In the copy, every line of the material that follows must appear exactly, and no pictures should.

### Raw data
*-*-*

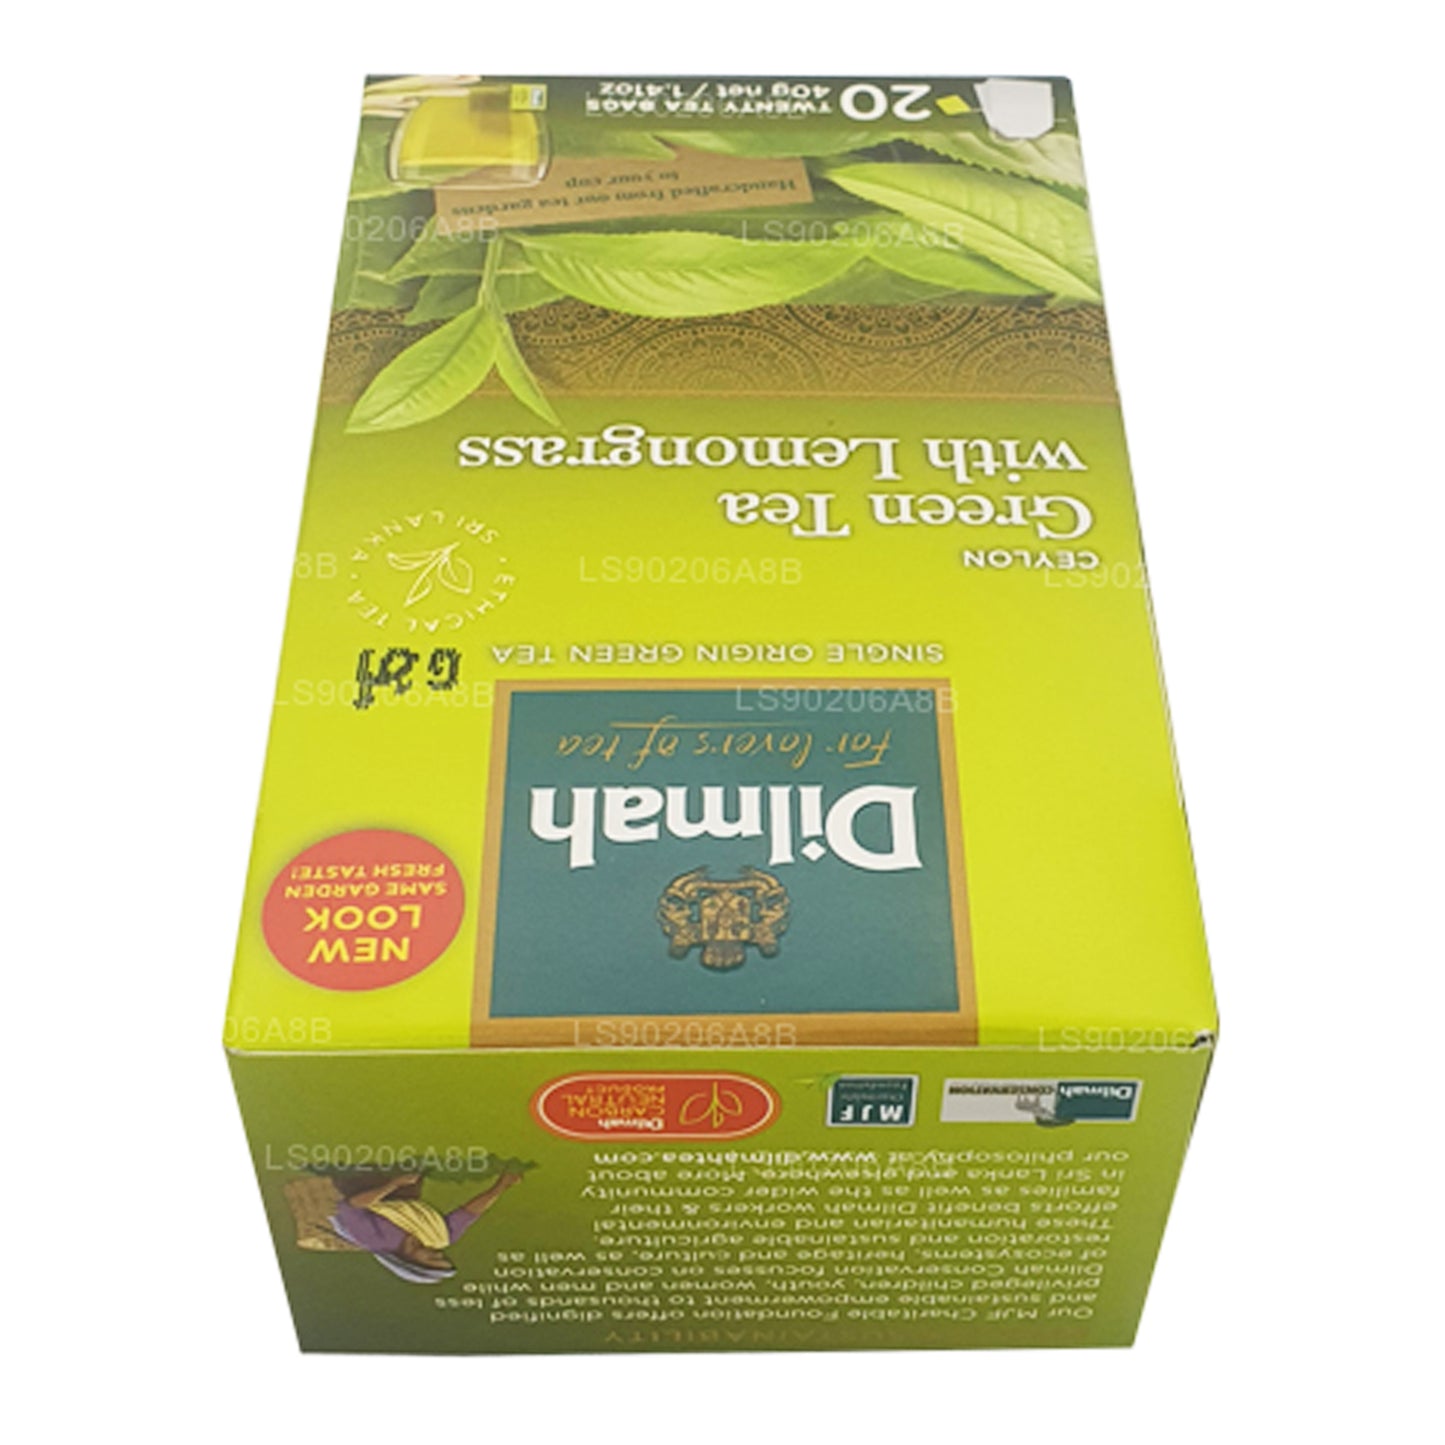 Dilmah Saf Seylan Yeşil Çay Limon Çayı (40g) 20 Çay Poşeti
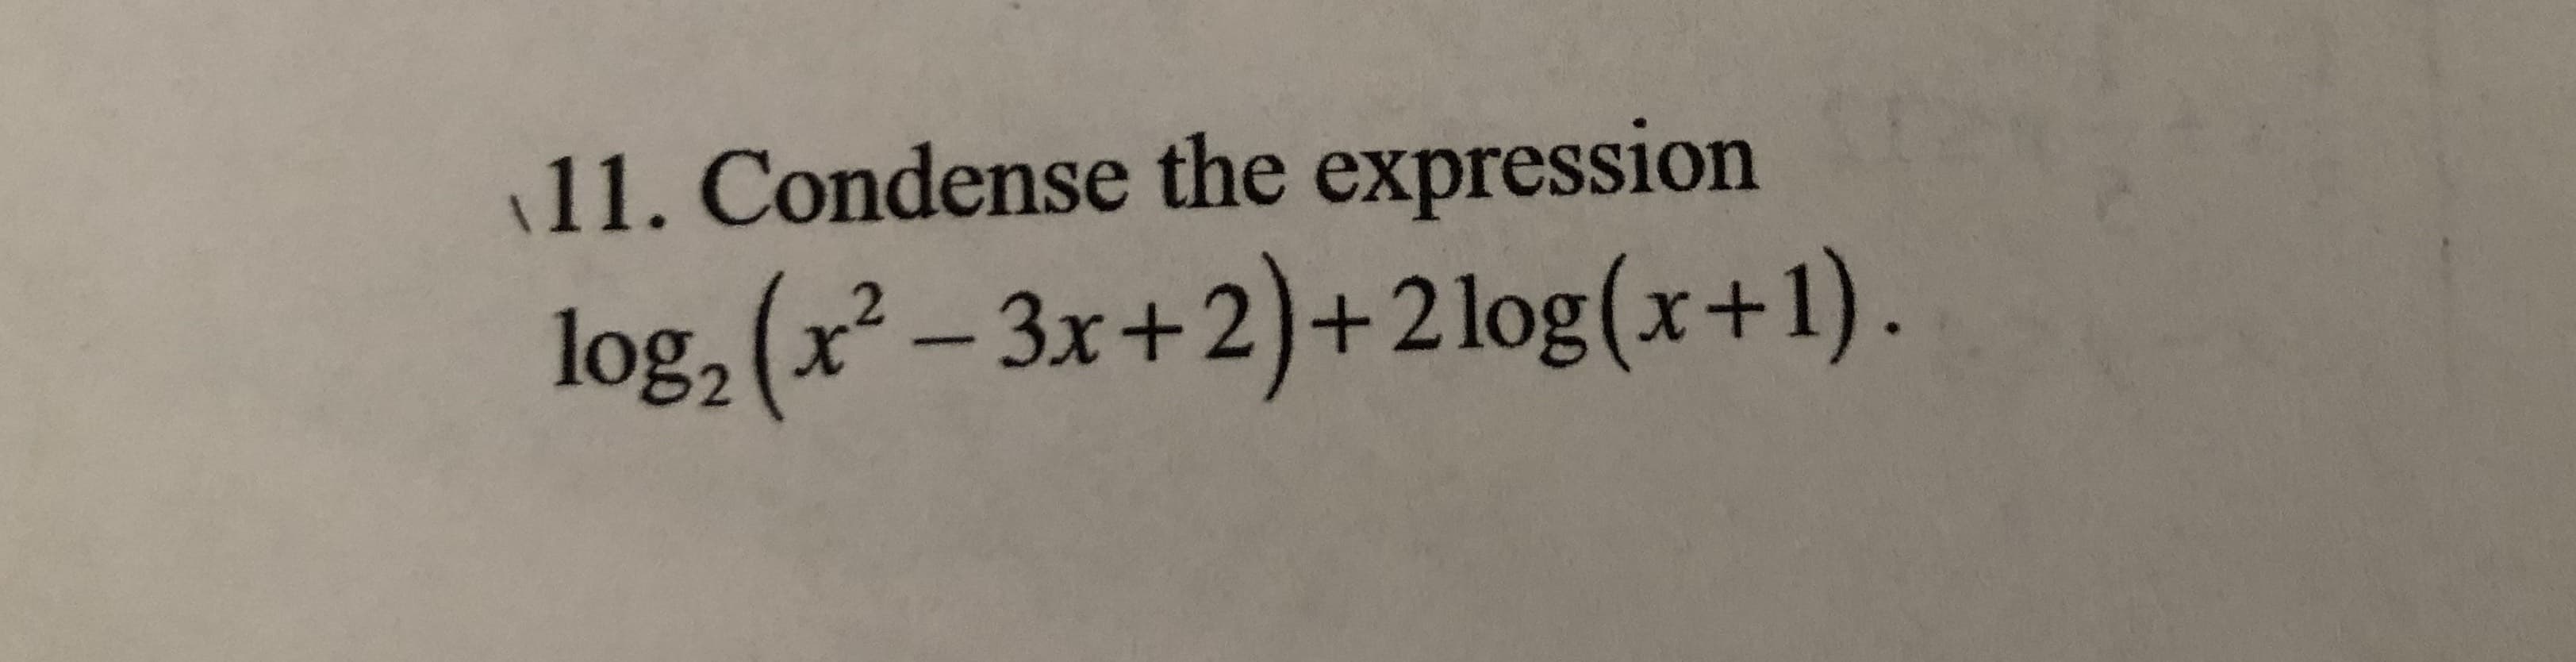 11. Condense the expression
log, (x² – 3x+2) .
+2log(x+1).
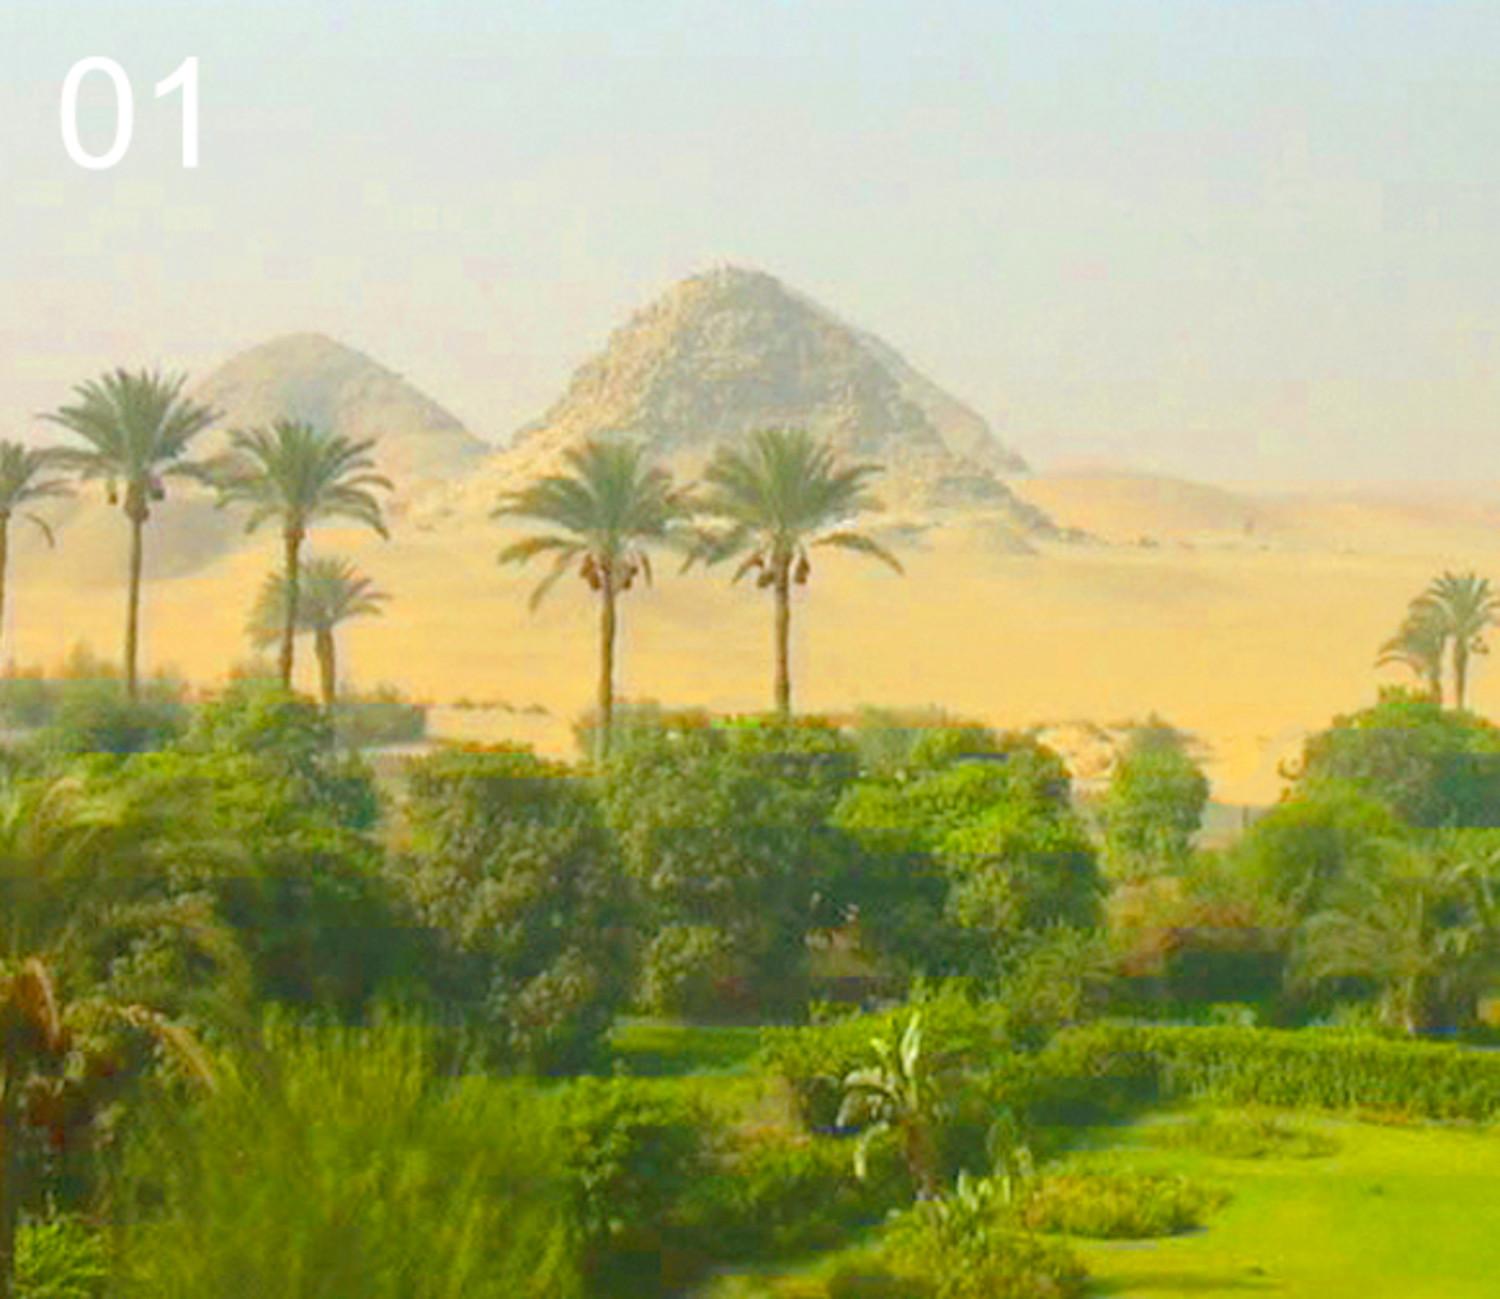 The Edge of Abusir, Shobramant District, Giza

*-*-*

### Solution below
 Dilmah Saf Seylan Yeşil Çay Limon Çayı (40g) 20 Çay Poşeti
 11. Condense the expression
log, (x² – 3x+2) .
+2log(x+1).
 The Edge of Abusir, Shobramant District, Giza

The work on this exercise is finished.